"I am."
"You looked as if you might be," the brute replied, as he turned on his heel to leave the apartment.
In an instant I threw myself before him. "You shall not leave here thus," I shrieked, grappling him with an energy which no one, seeing my frail figure, would have believed. "I know the reputation of your hireling crew. I read your dreadful purpose in your eye. Tell me not that your designs are not sinister. You came here to insult me,—to kiss me, perhaps. You sha'n't,—you naughty man.
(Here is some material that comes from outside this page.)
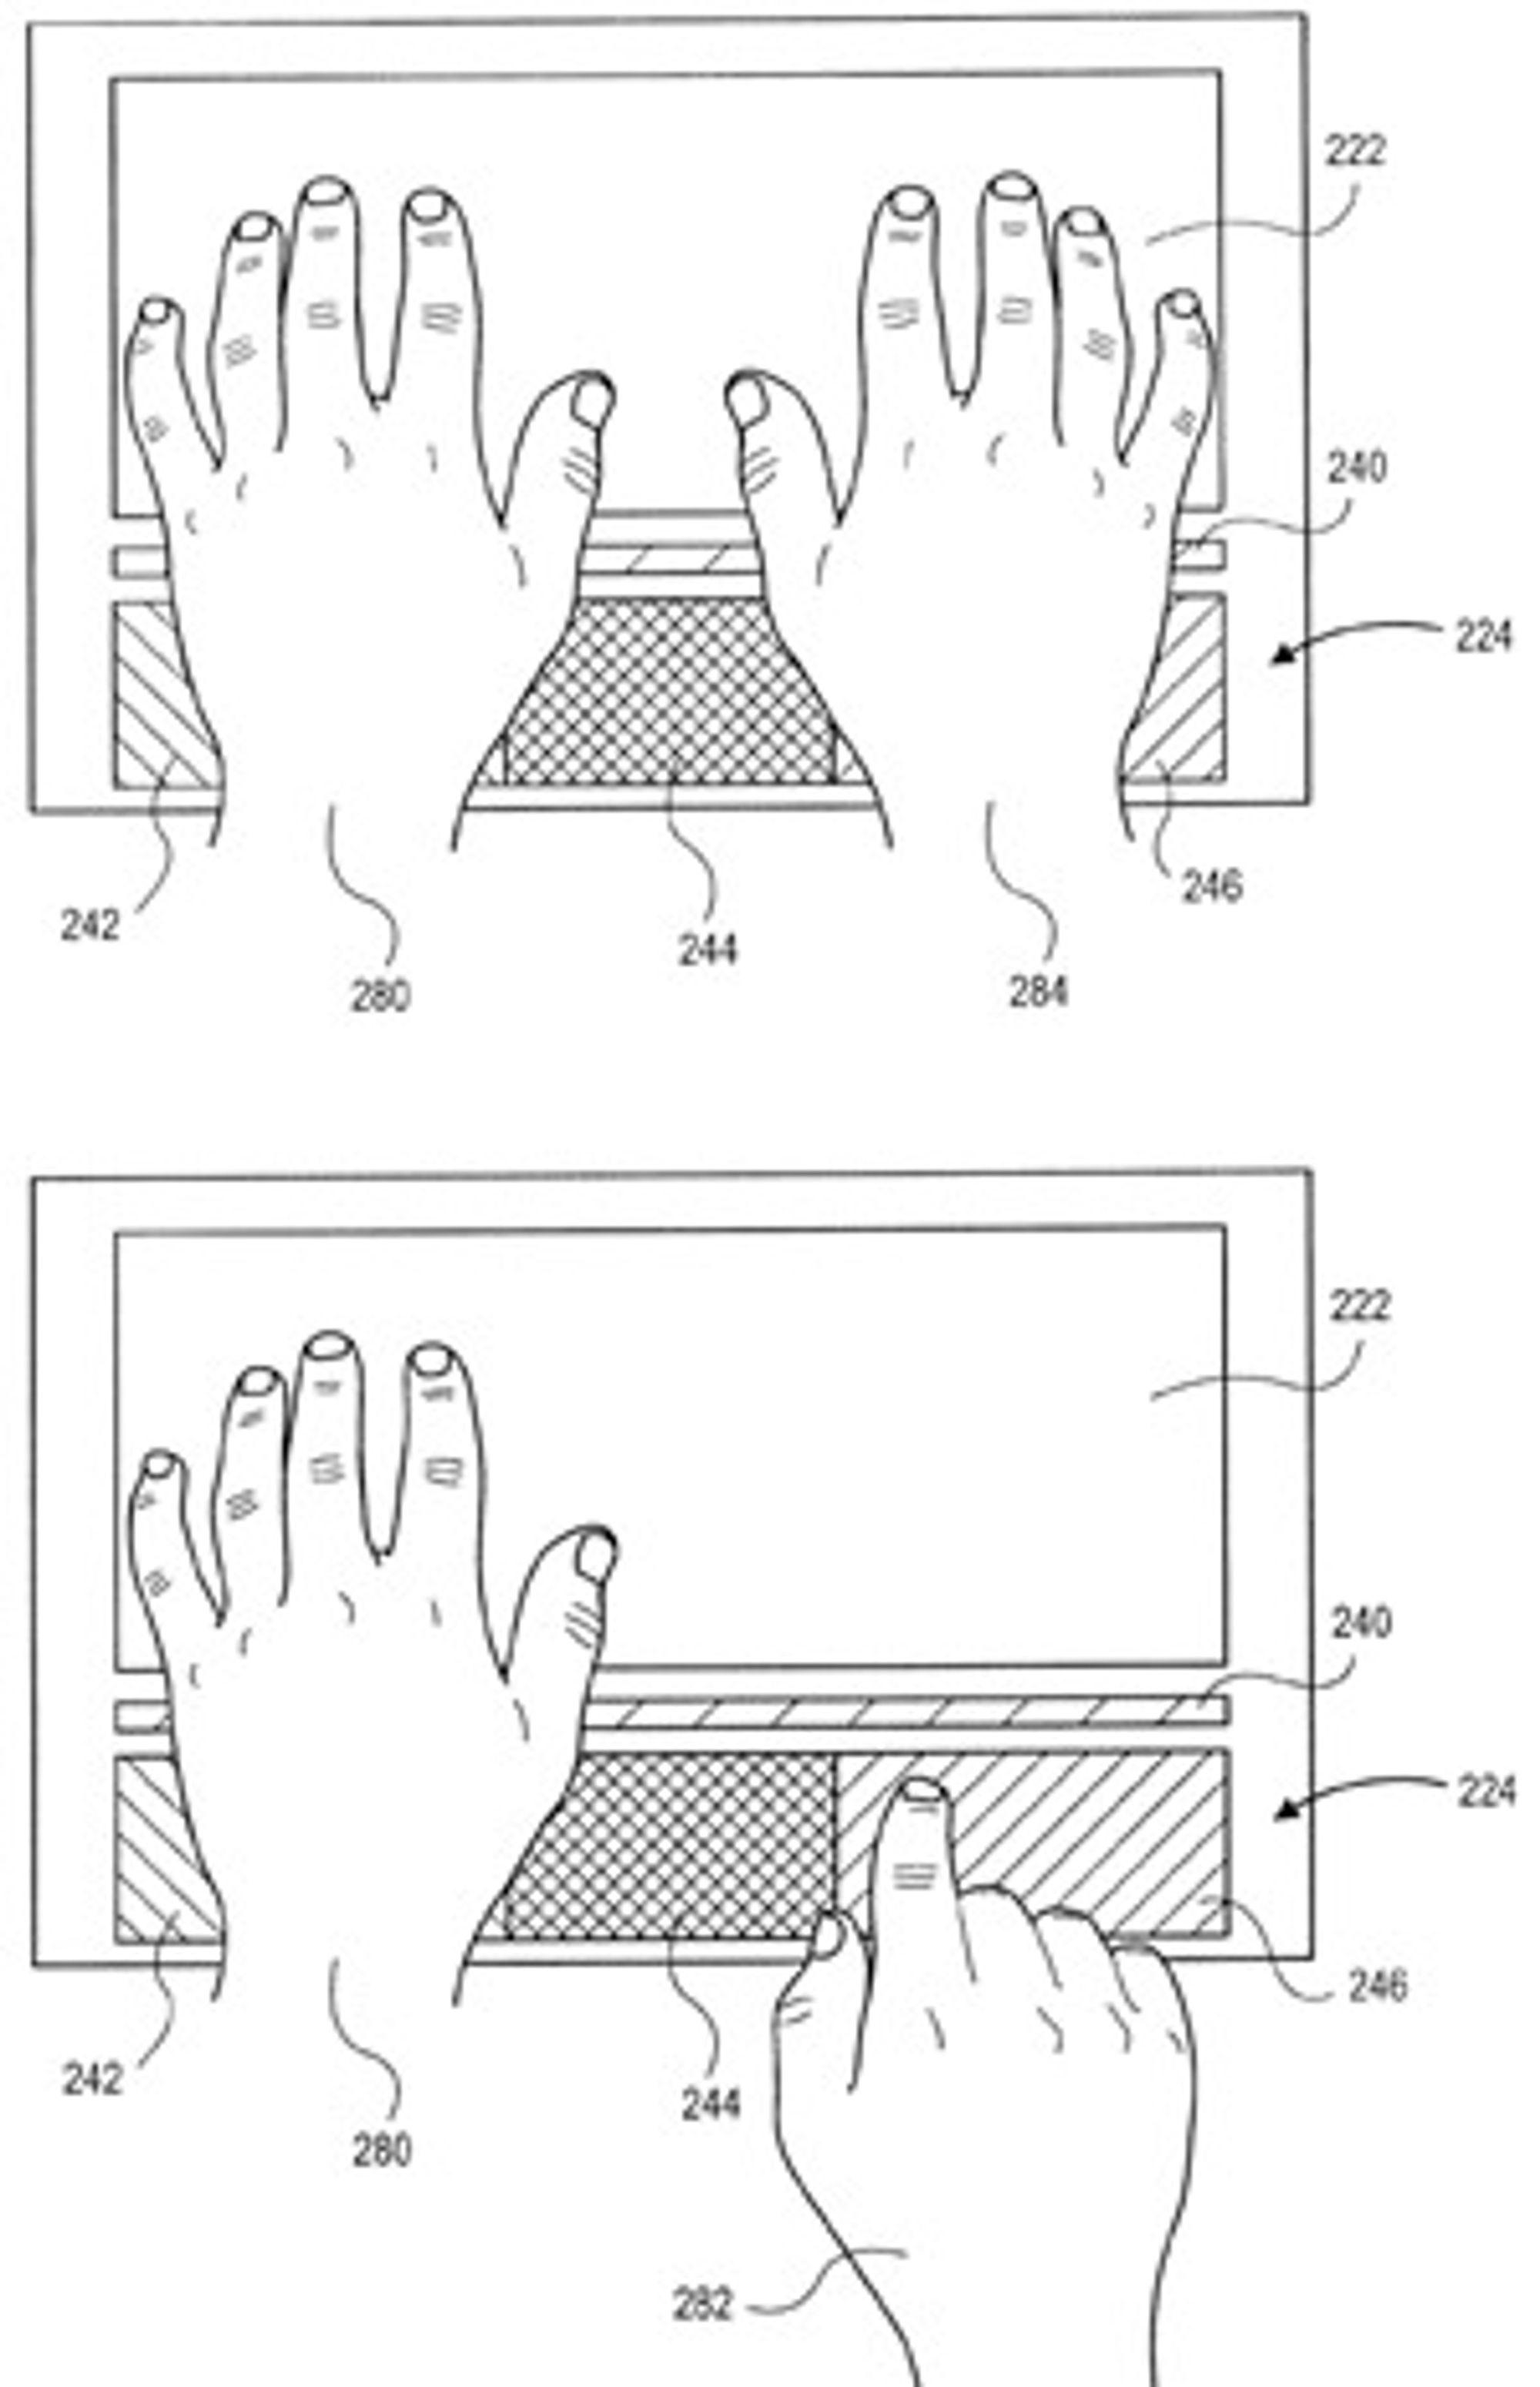 I denne varianten av Apples oppfinnelse er det en lang og smal sensor (240) som merker seg hvor hendene er og som justerer følsomheten til ulike områder på styreflaten deretter. Her er styreflaten delt i tre logiske områder (242, 244, 246).

Go away!"
The blush of conscious degradation rose to the cheek of the Lincoln hireling as he turned his face away from mine.
In an instant I drew my pistol from my belt, which, in anticipation of some such outrage, I always carried, and shot him.
CHAPTER V.
"Thy forte was less to act than speak,
Maryland!
Thy politics were changed each week,
Maryland!
With Northern Vandals thou wast meek,
With sympathizers thou wouldst shriek,
I know thee—O, 'twas like thy cheek!
Maryland! my Maryland!"
After committing the act described in the preceding chapter, which every English reader will pardon, I went up stairs, put on a clean pair of stockings, and, placing a rose in my lustrous black hair, proceeded at once to the camp of Generals Price and Mosby to put them in possession of information which would lead to the destruction of a portion of the Federal Army. During a great part of my flight I was exposed to a running fire from the Federal pickets of such coarse expressions as, "Go it, Sally Reb," "Dust it, my Confederate beauty," but I succeeded in reaching the glorious Southern camp uninjured.
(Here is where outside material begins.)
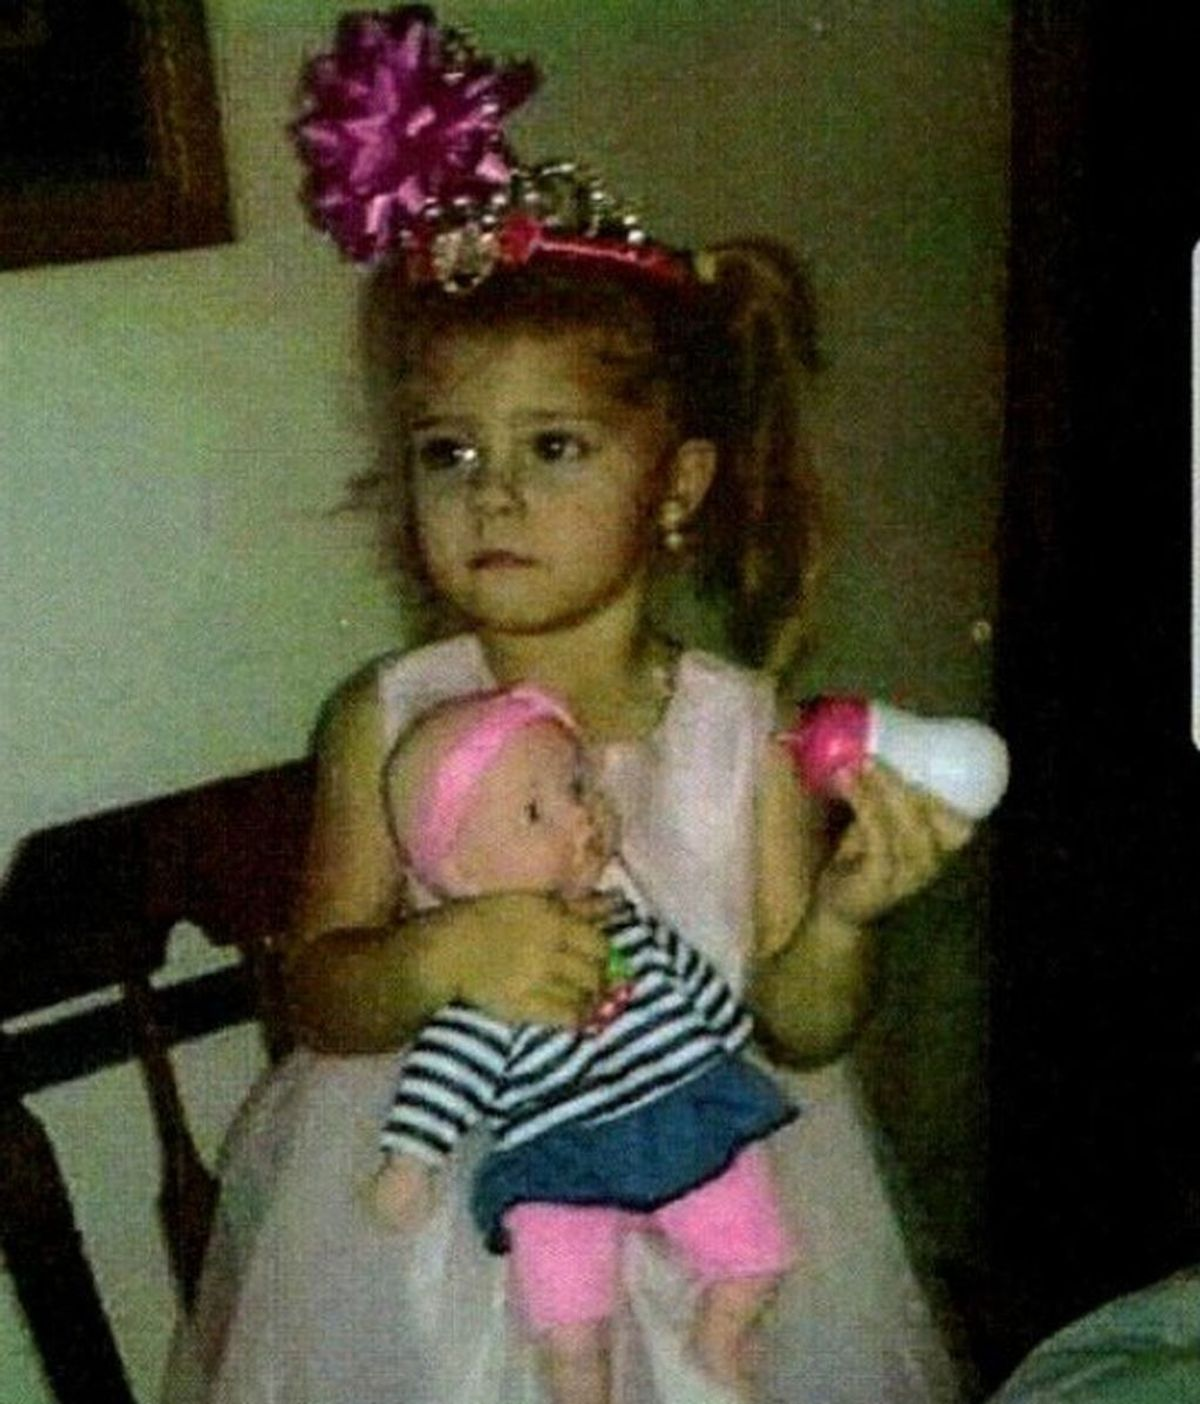 Una madre busca desesperadamente a su hija de 3 años que desapareció mientras dormía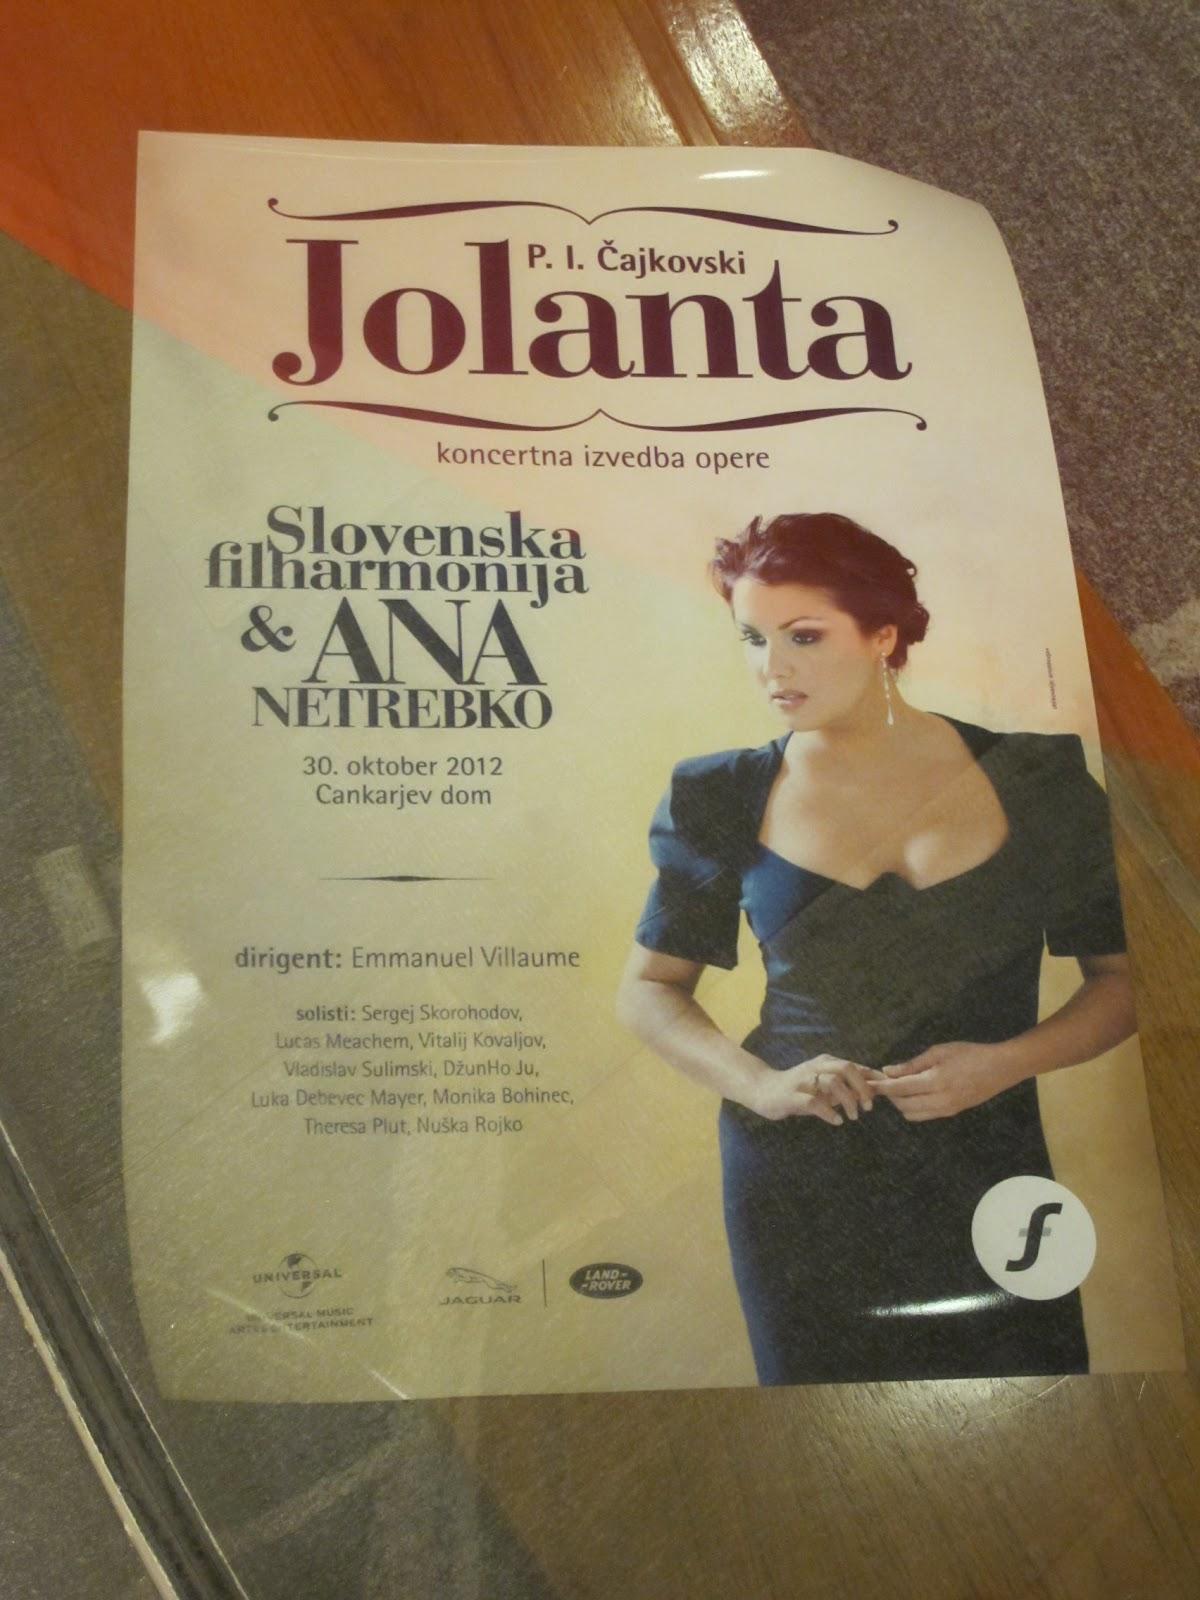 http://4.bp.blogspot.com/-ncYydcAWdn8/UJDIOiNSO1I/AAAAAAAAGxo/0QiqV4uxx10/s1600/Iolanta_Ljubljana_301012_01.JPG

In a week afterwards I was arrested, by a lettre de cachet of Mr. Stanton, and placed in the Bastile. British readers of my story will express surprise at these terms, but I assure them that not only these articles but tumbrils, guillotines, and conciergeries were in active use among the Federals. If substantiation be required, I refer to the Charleston Mercury, the only reliable organ, next to the New York Daily News, published in the country. At the Bastile I made the acquaintance of the accomplished and elegant author of Guy Livingstone,* to whom I presented a curiously carved thigh-bone of a Union officer, and from whom I received the following beautiful acknowledgment:—
"Demoiselle:—Should I ever win hame to my ain countrie, I make mine avow to enshrine in my reliquaire this elegant bijouterie and offering of La Belle Rebelle. Nay, methinks this fraction of man's anatomy were some compensation for the rib lost by the 'grand old gardener,' Adam."